- Born: Kibibi, Butambala Uganda
- Education: Mitala Maria Primary School Mount Saint Mary's College Namagunga Nkozi Teacher Training College.
- Occupations: trained teacher and qualified coach in netball, handball, basketball and athletics
- Known for: leading the She Cranes to the 1979 Netball World Championships in Trinidad and Tobago
- Children: 2

= Ben Mary Muwanga =

Ugandan netball coach

Ben Mary Muwanga (sometimes referred to as Benny Muwanga or Mary Ben Muwanga is a Ugandan netball coach most notable for leading the She Cranes to the 1979 Netball World Championships in Trinidad and Tobago. She was also the national team coach between 1975 - 1985.
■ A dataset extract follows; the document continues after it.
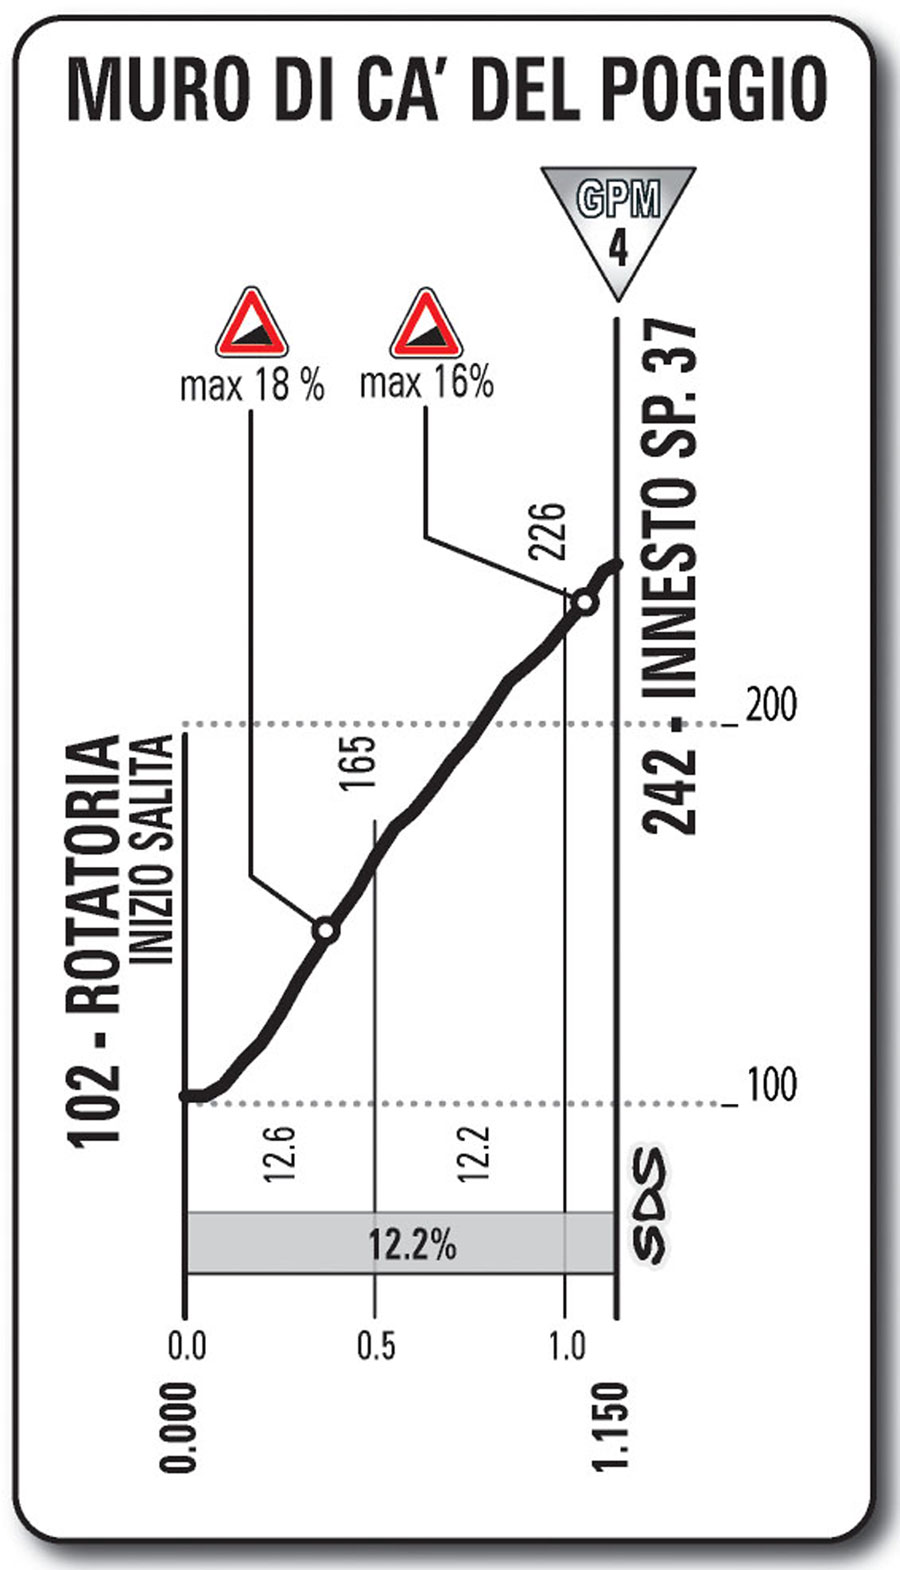 Giro d'Italia 2013 stage 12, Muro di ca' del Poggio profile

== Background and education ==
Ben Mary Muwanga was born in Kibibi, Butambala in 1943 to Erisa Muwanga and Julian Nanyanzi. Ben Mary Muwanga is a trained teacher and studied at Mitala Maria Primary School and Mount Saint Mary's College Namagunga before proceeding to Nkozi Teacher Training College.

== Netball career ==
She started playing the sport while in school at Mount Saint Mary's College Namagunga, and later signed for Kampala Women's Club. By her own admission, she joined the She Cranes as a player in 1964 and played one year with the national team. After completing coaching courses in 1969, she was appointed assistant coach for the She Cranes, deputizing Miriam Kibirango.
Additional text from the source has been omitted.